* WORK ORDER: Could you reproduce, word for word, everything below from the line containing "Das Bild zeigt" down to the line containing "Дитячі книги: енциклопедії, пригоди, програмні, казки", with both of those lines included and no others?

* DATA FOR THE TASK:
• • • • • • •

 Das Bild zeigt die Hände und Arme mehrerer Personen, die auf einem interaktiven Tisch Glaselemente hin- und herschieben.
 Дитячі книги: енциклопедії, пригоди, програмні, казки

• • • • • • •

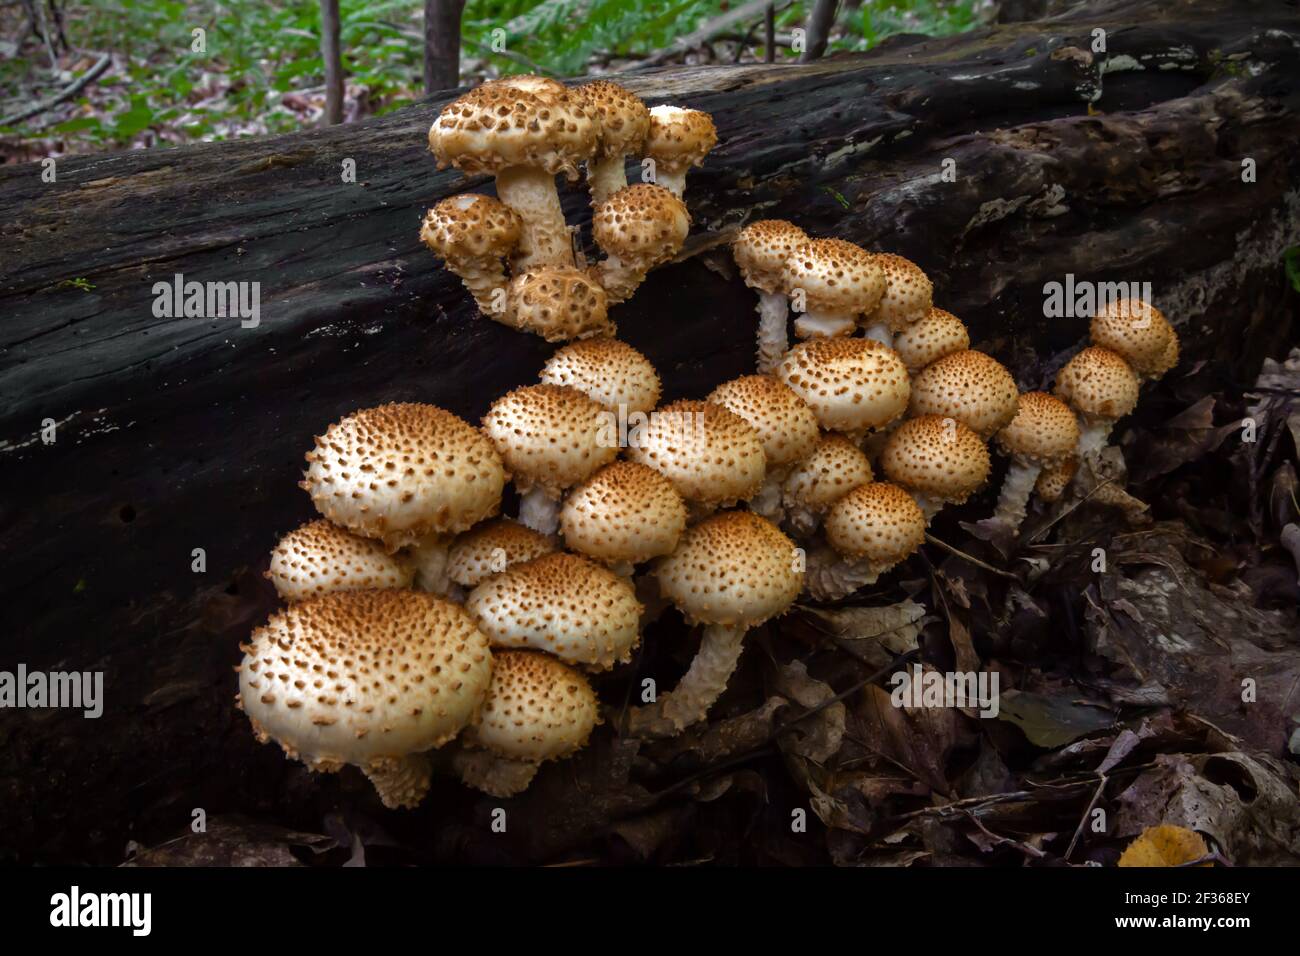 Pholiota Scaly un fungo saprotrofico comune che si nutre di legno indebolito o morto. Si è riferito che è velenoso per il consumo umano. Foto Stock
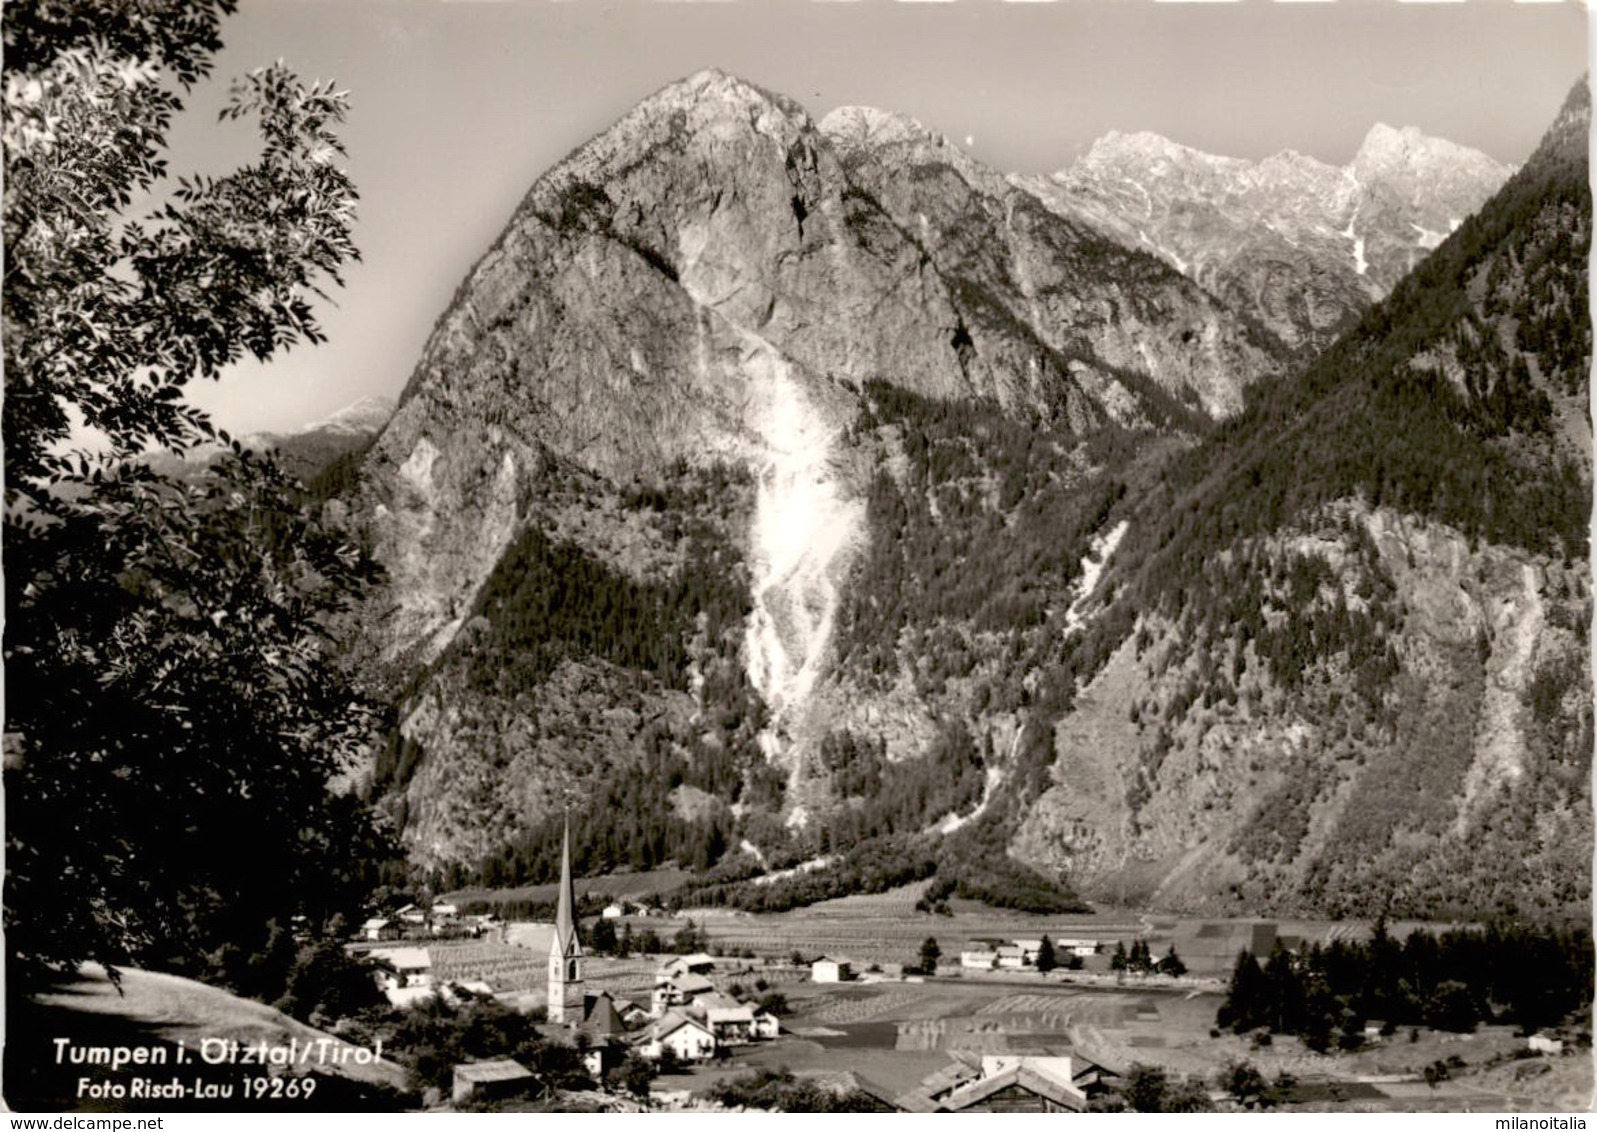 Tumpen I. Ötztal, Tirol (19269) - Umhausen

• • • • • • •

* ANSWER SPACE:
 Das Bild zeigt die Hände und Arme mehrerer Personen, die auf einem interaktiven Tisch Glaselemente hin- und herschieben.
 Дитячі книги: енциклопедії, пригоди, програмні, казки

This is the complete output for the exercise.